We examined, using physiological and morphological techniques, the distribution of Ca(2+)-gated K+ (gKca) channels relative to the location of Ca2+ channels and transmitter release sites at the frog neuromuscular junction (NM). Charybdotoxin (ChTx) and iberiotoxin, blockers of gKca channels with large conductances, increase transmitter release at the frog NMJ. Intracellular Ca2+ buffers with rapid binding kinetics, dimethyl BAPTA and BAPTA, prevented the effect of ChTx, but EGTA, a Ca2+ buffer with similar affinity for Ca2+ but slower binding kinetics, did not. Dimethyl BAPTA and BAPTA, but not EGTA, caused a temporary increase in transmitter release.

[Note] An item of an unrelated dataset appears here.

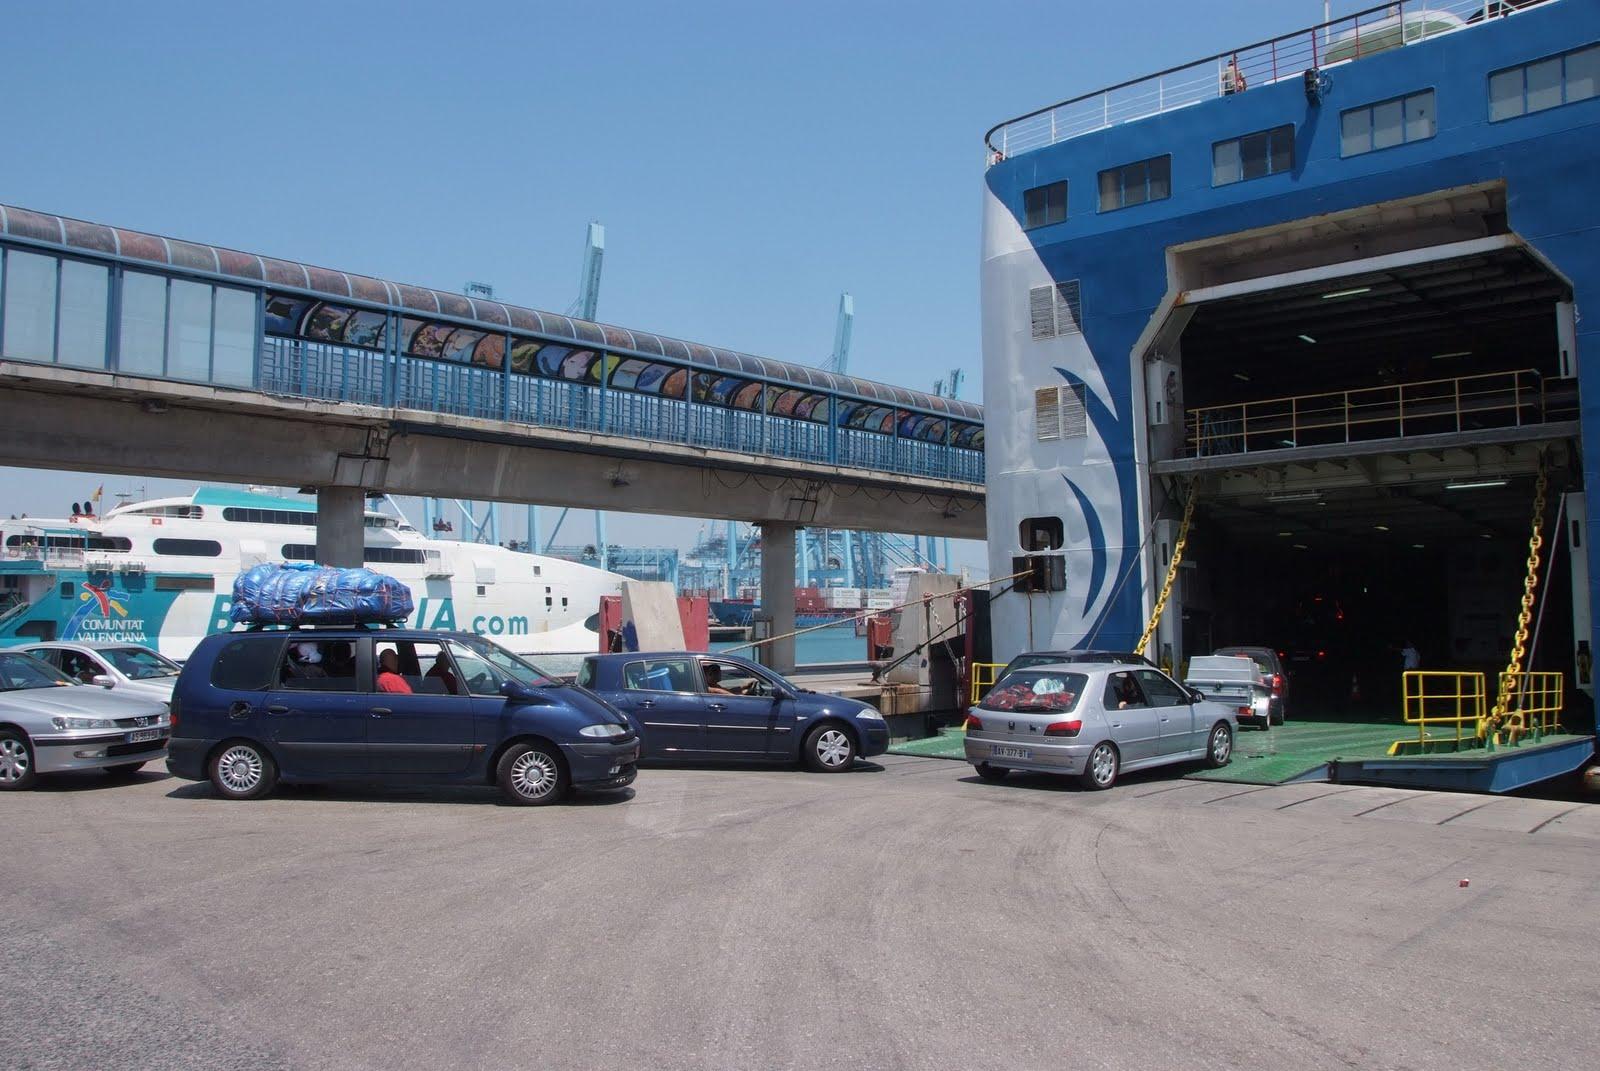 Puerto bah a de algeciras blog operaci n paso del estrecho - Puerto de algeciras hoy ...

Labeling of gKca channels with ChTx-biotin revealed a series of bands located at the sites of Ca2+ channels, but this labeling did not occur in denervated preparations. Cross sections of NMJs revealed that gKca channels are clustered in the presynaptic membrane facing the postsynaptic membrane. We conclude that gKca channels are strategically clustered at the neurotransmitter release sites, where they can be quickly activated by Ca2+ entering the terminal.[1]References
- Functional colocalization of calcium and calcium-gated potassium channels in control of transmitter release. Robitaille, R., Garcia, M.L., Kaczorowski, G.J., Charlton, M.P. Neuron (1993) [Pubmed]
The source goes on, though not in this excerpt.